===== DATASET SECTION

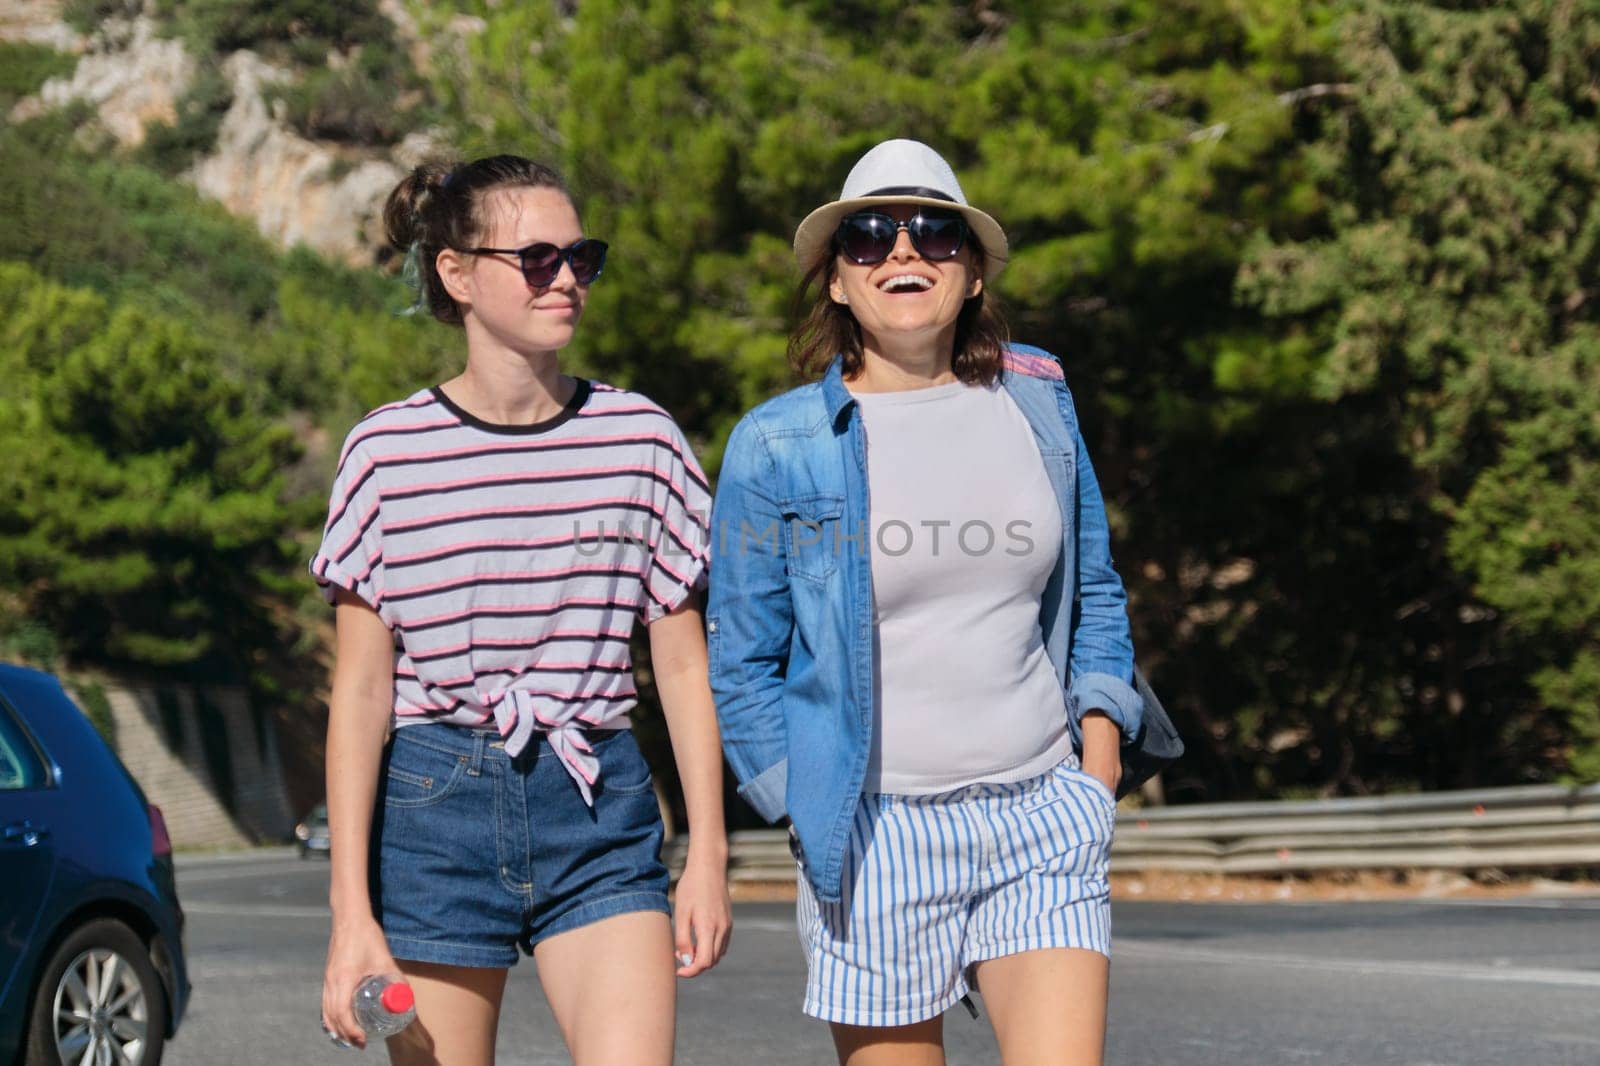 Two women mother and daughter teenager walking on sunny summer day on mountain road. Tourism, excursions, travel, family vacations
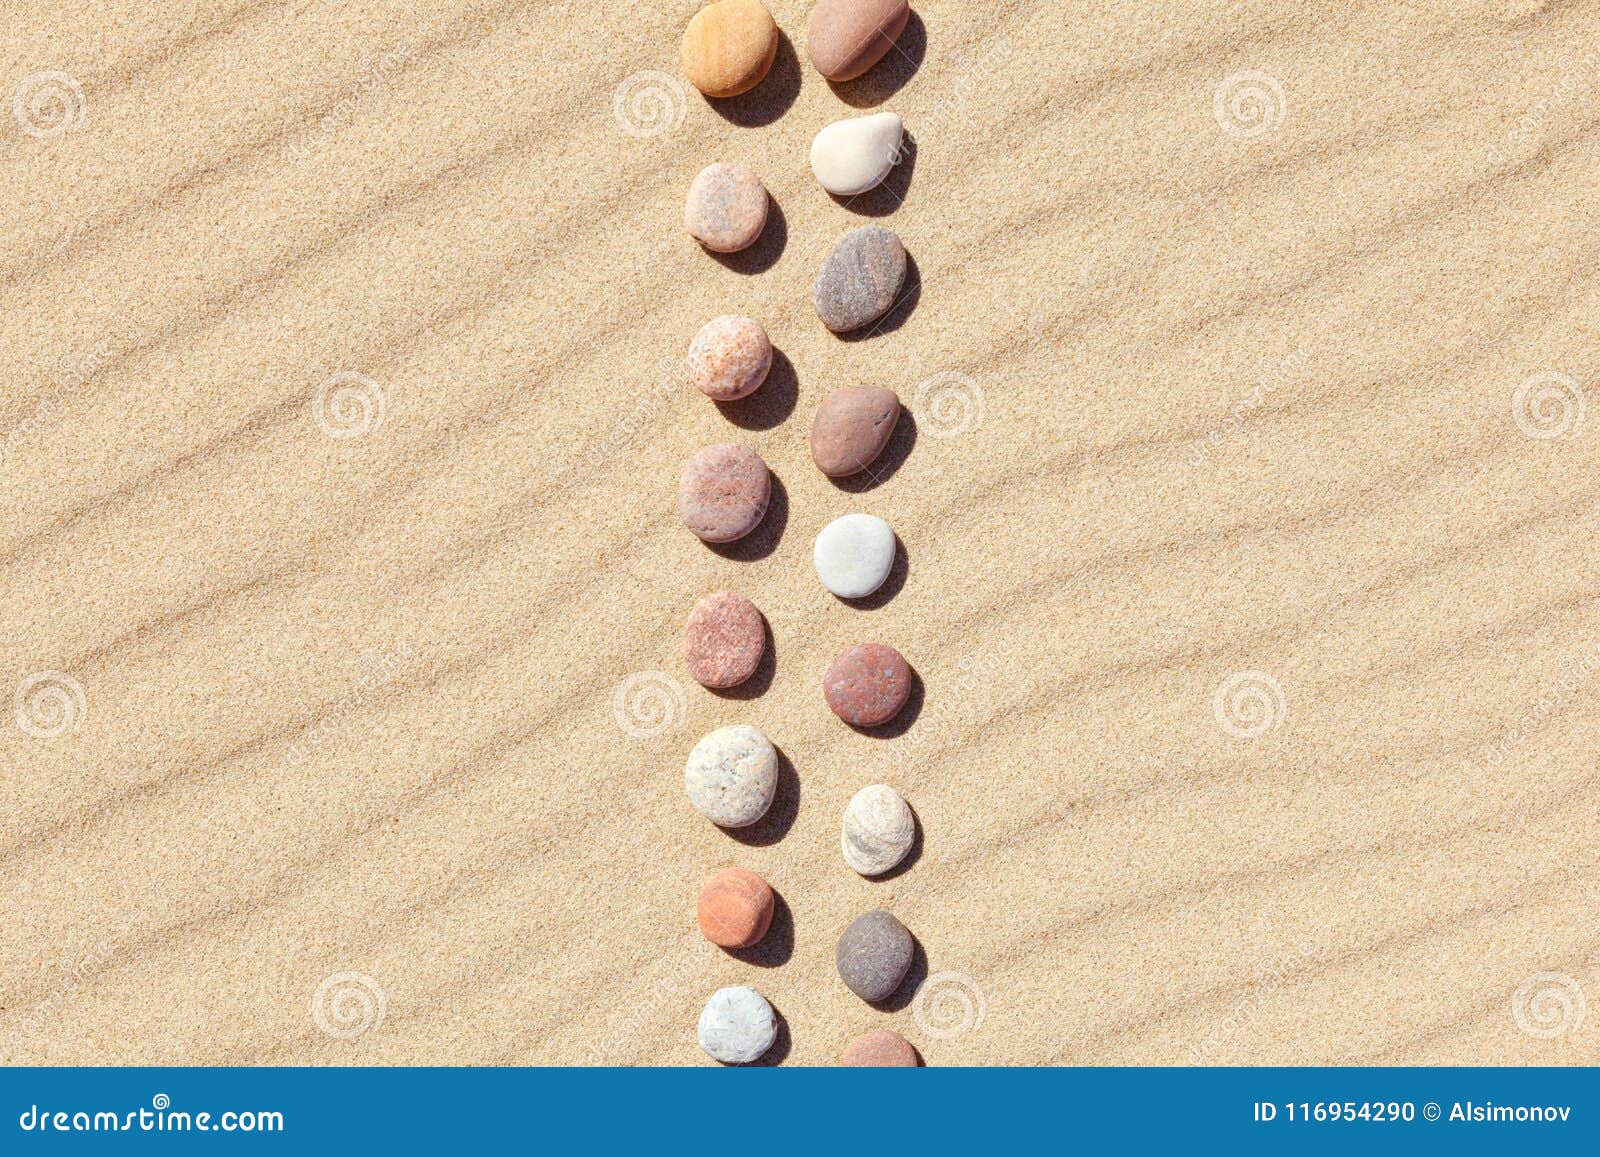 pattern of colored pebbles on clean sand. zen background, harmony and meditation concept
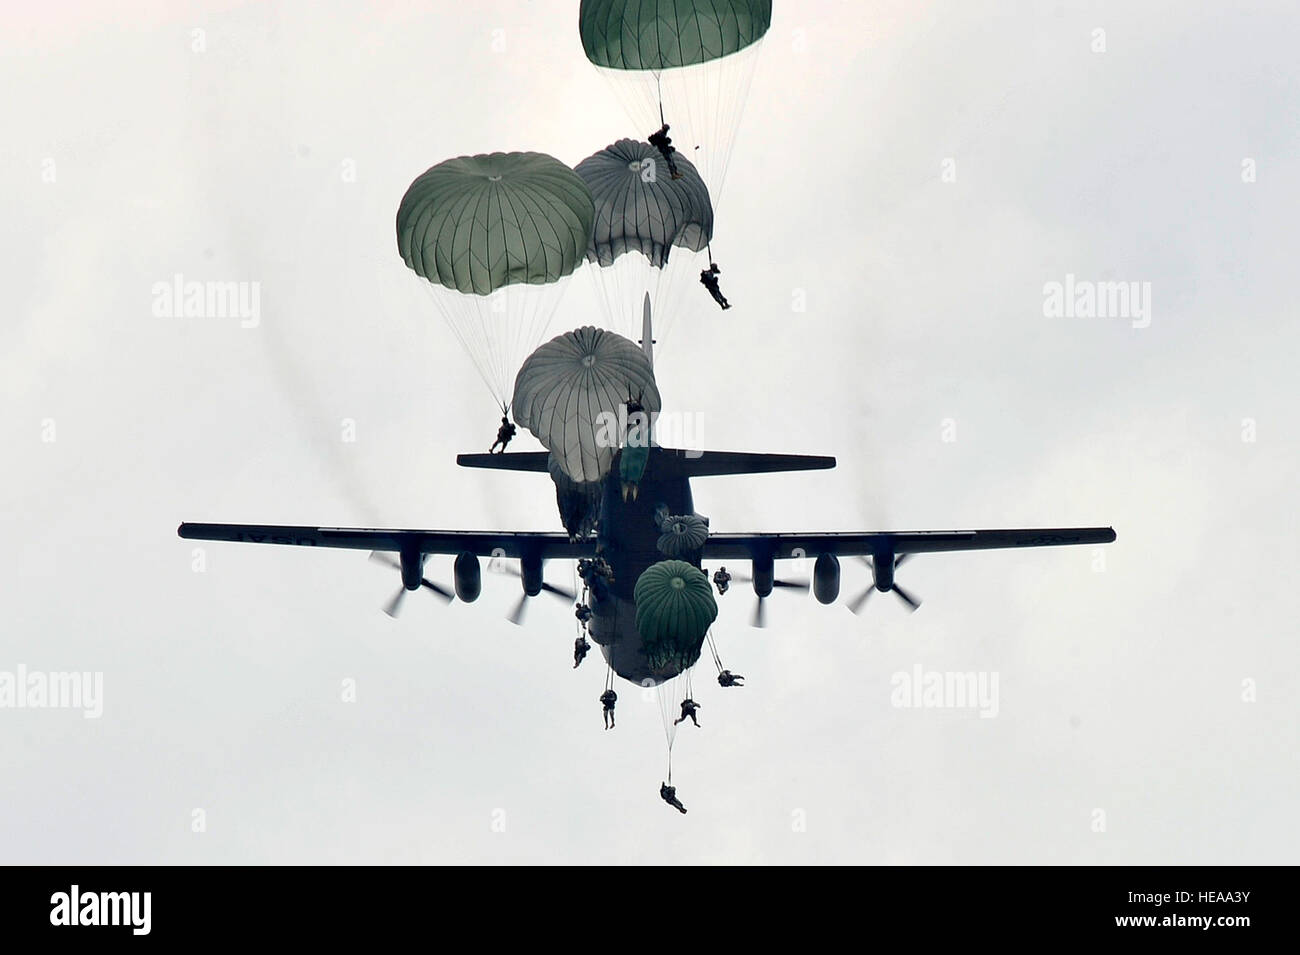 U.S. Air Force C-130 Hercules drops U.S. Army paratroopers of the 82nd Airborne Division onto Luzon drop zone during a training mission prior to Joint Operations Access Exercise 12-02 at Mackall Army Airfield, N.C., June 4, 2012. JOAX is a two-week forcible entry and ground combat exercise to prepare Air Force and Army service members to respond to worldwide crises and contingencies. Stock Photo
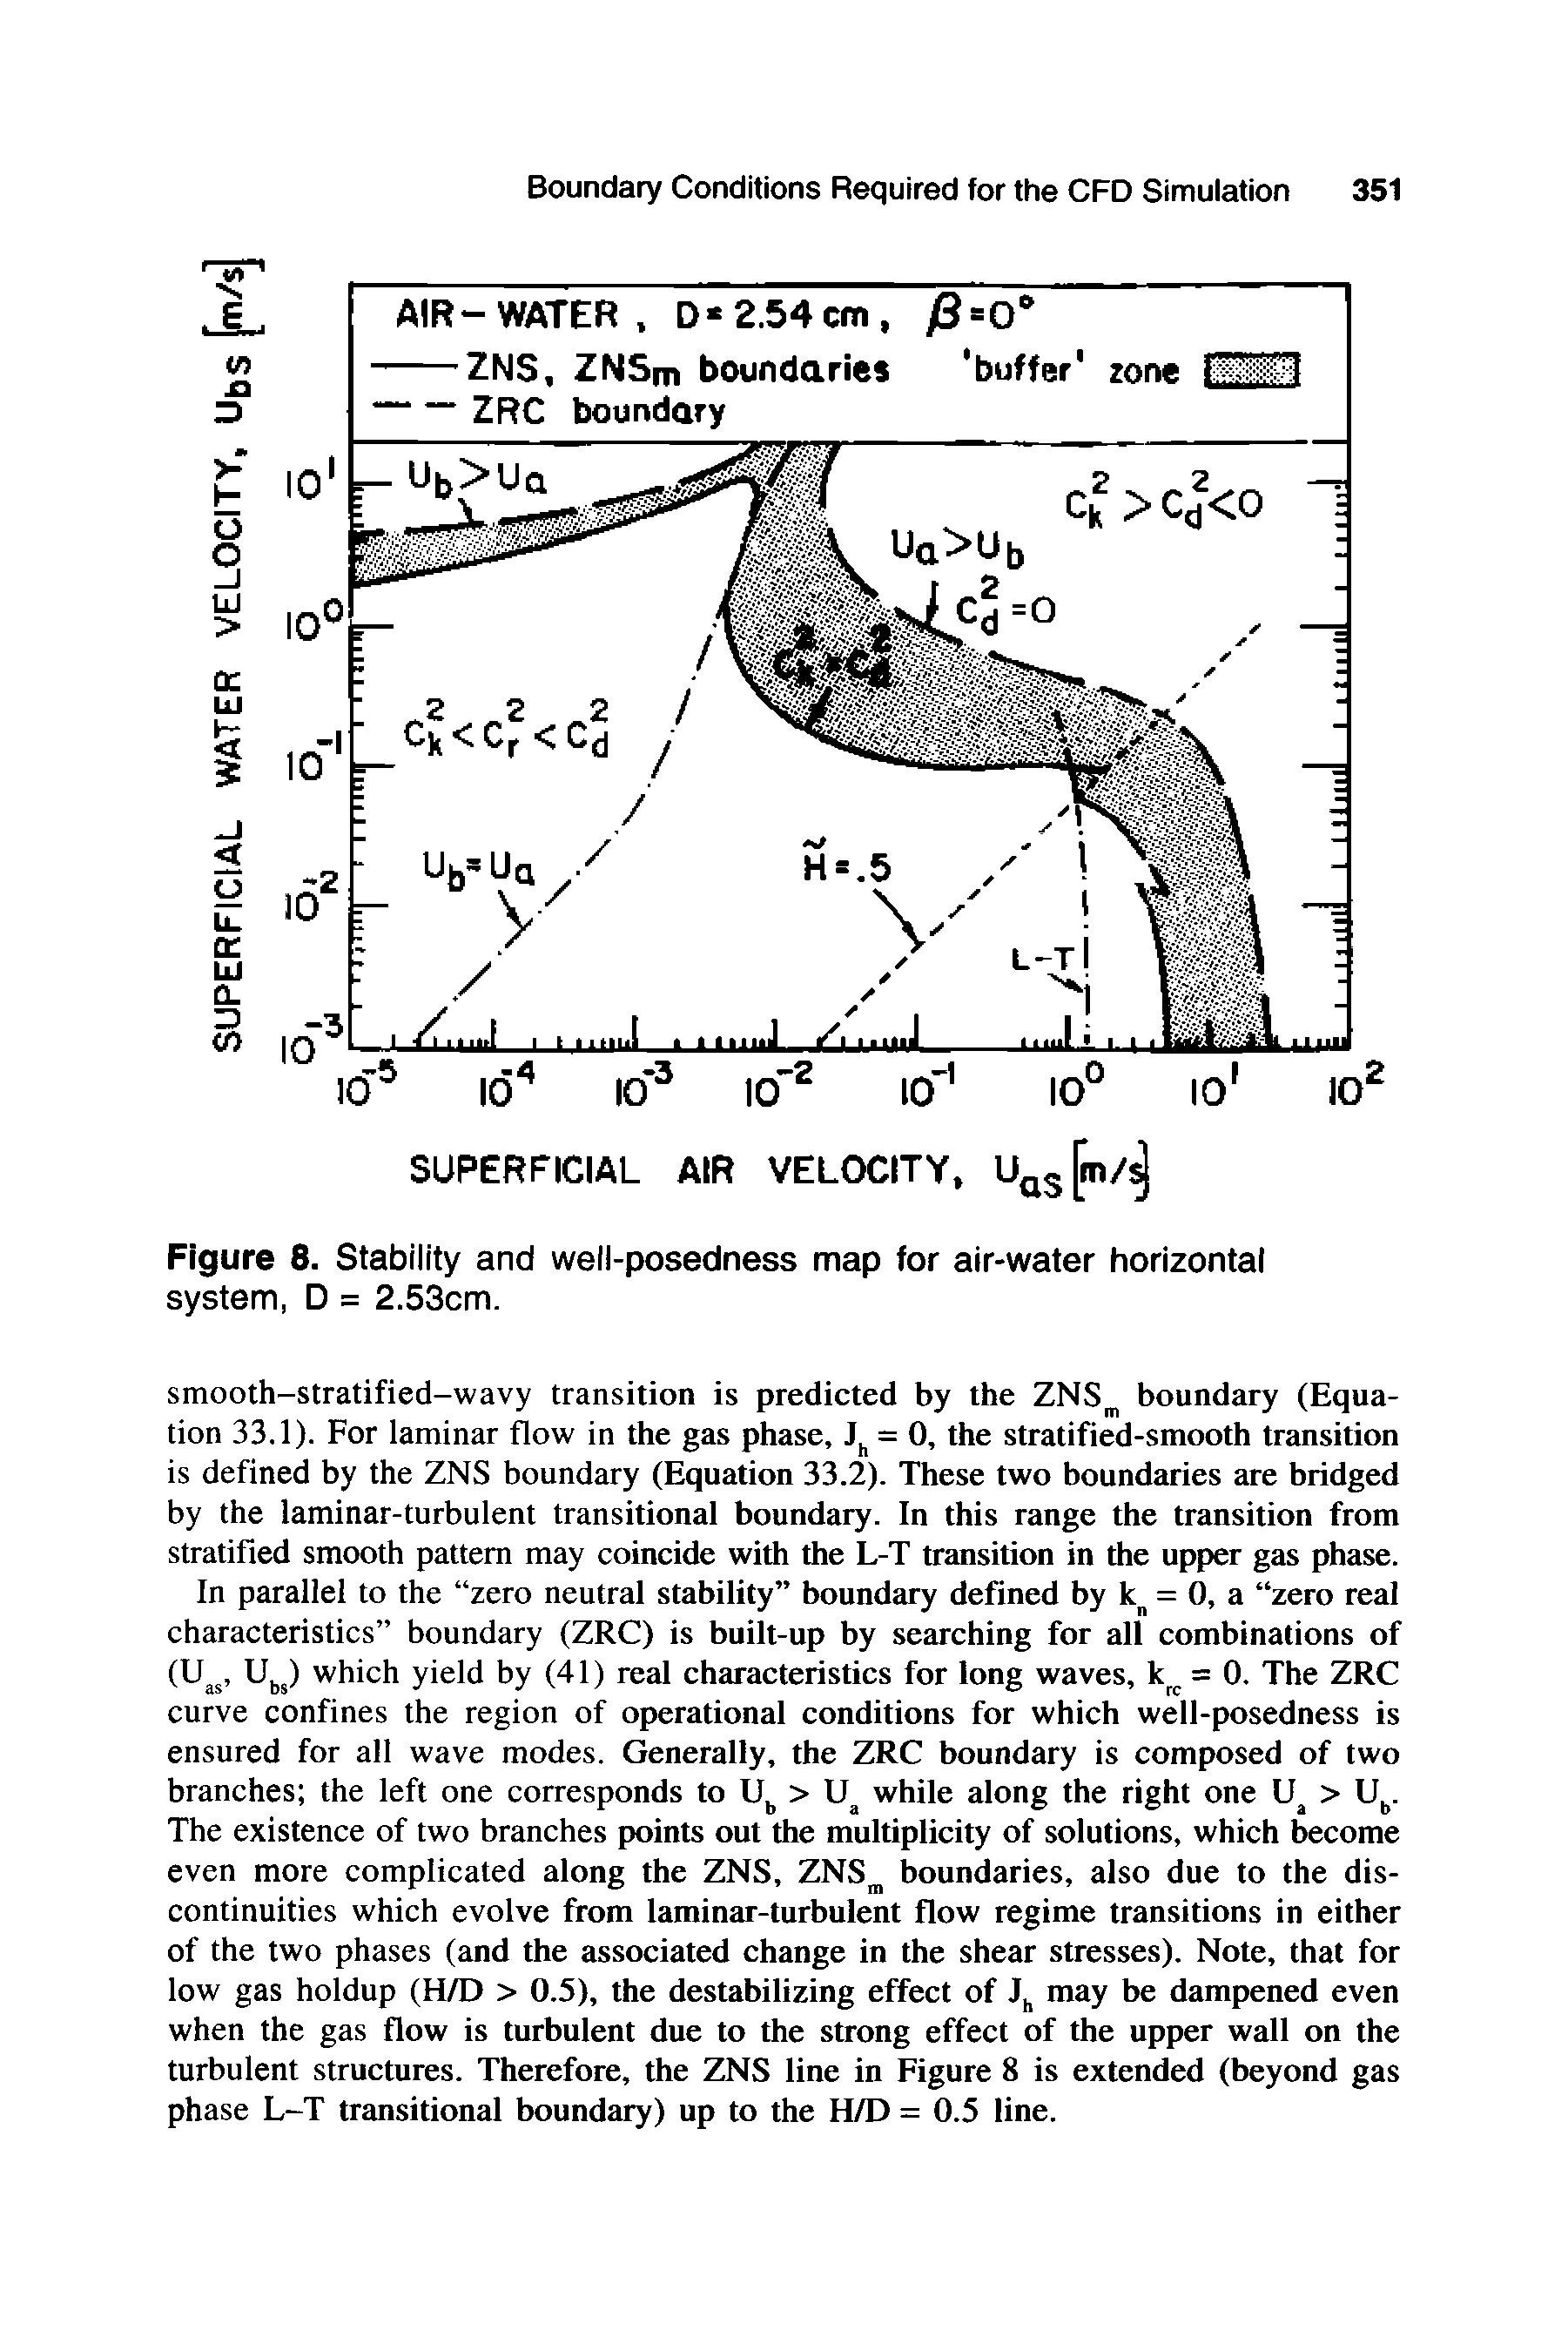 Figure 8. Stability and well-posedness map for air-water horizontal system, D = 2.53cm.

==========

> TASK REQUIREMENTS: Beginning at the line that contains "U.S. Air Force", transcribe it and every later line through the last line of the data above, exactly, and drop the pictures.

> COMPLETED TASK:
 U.S. Air Force C-130 Hercules drops U.S. Army paratroopers of the 82nd Airborne Division onto Luzon drop zone during a training mission prior to Joint Operations Access Exercise 12-02 at Mackall Army Airfield, N.C., June 4, 2012. JOAX is a two-week forcible entry and ground combat exercise to prepare Air Force and Army service members to respond to worldwide crises and contingencies. Stock Photo
 Figure 8. Stability and well-posedness map for air-water horizontal system, D = 2.53cm.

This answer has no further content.